Ночью я просыпаюсь, как от толчка, и обнаруживаю, что мой мучительно восставший фаллос приподымает одеяло, словно ему душно. Ночь выдалась теплая и из трех одеял я оставил на себе только одно, среднее. Я переворачиваюсь на живот, придавив бунтовщика всем телом, и вдруг чувствую локтем, что в одеяле что-то зашито. Это комочек под тонкой синтетической материей действует на меня так, что остатки сна испаряются вместе с безадресной похотью. Патриция мне говорила, что деньги она прячет от воров там, где они не станут искать. И показала мне на ящик в коридоре с постельным бельем. Значит, сама их сюда и зашила, – четко решил я с логикой лунатика. Но почему она подсунула это одеяло мне? Тоже из-за воров. Им не придет в голову шмонать неимущего гостя. Патриция здесь ни при чем – четко тикает мозг. Это одеяло она купила по дешевке на такой же дворовой распродаже. Кто-то умер, старуха-процентщица, и после нее осталось одеяло с зашитыми стодолларовыми бумажками. В рулончике их наощупь не меньше пяти. Пятьсот долларов – это целое состояние. И Патриция об это не знает. Иначе бы предупредила.

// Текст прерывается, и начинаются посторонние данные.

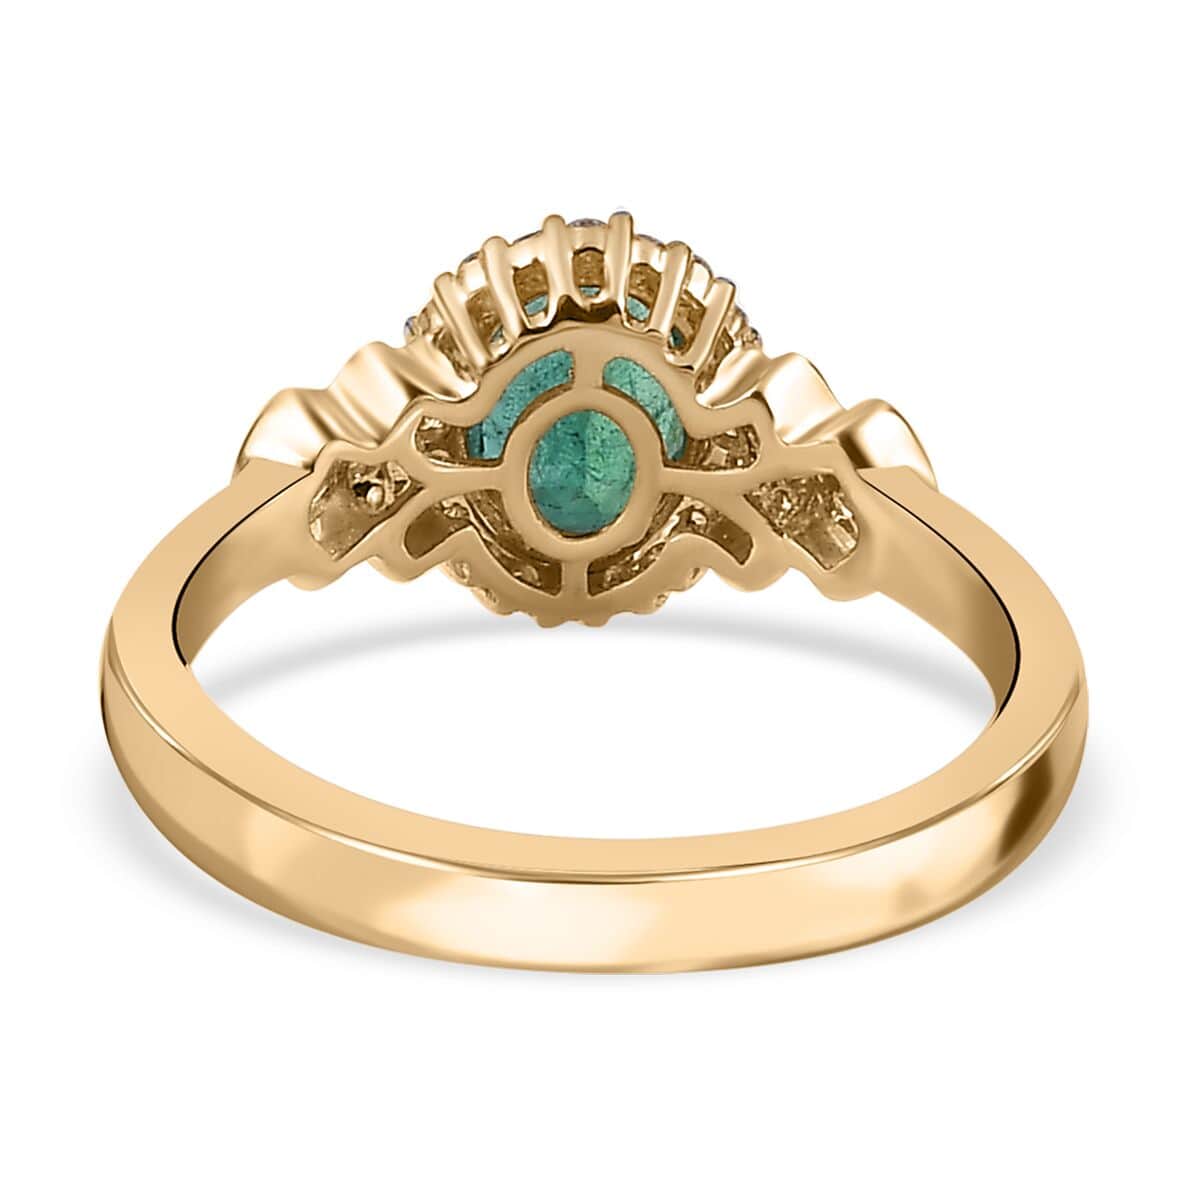 Luxoro 10K Yellow Gold Premium Kagem Zambian Emerald and G-H I2 Diamond Halo Ring (Size 7.0) 1.35 ctw image number 4

Рулончик был вшит между двумя слоями одеяла. Я чутко ощупал его и определил, что от него тянется шпагат. Я повел пальцами вдоль шпагата и обнаружил еще один рулончик. А затем еще два – они были нанизаны на шнур, чтобы в нужный момент дернуть и вытащить все вместе. Меня даже пот прошиб. Тут был целый клад, спрятанный с тем ухищрением ума, на который наивная Патриция была, конечно, не способна. Это были не ее деньги. Я лежал в темноте с открытыми глазами. Если я скажу Патриции – она возьмет деньги, ибо это ее одеяло. С другой стороны она покупала его на распродаже по бросовой цене. А вшитые купюры обнаружил я – значит, они мои. Вот она удача, о которой я так давно и неистово мечтал. Я полечу на Гавайи, я... Мечтая, я нащупывал в одеяле все новые долларовые сгущения, связанные прочной, видимо, нейлоновой нитью, и таким образом дошел вдоль нее до самого края, где пальцы мои ухватили плотный резиновый предметик. Сам не свой от волнения, я потянулся, включил лампу, стоящую на полу и зажег свет, хотя понимал, что лучше бы не выдавать себя...
Резиновый предметик оказался розеткой. Электрическое одеяло...
Не скажу, что разочарование было очень сильным. Я снова лег на живот и постарался хорошенько расслабиться, чтобы заснуть. Что-то со сном у меня никак не налаживалось.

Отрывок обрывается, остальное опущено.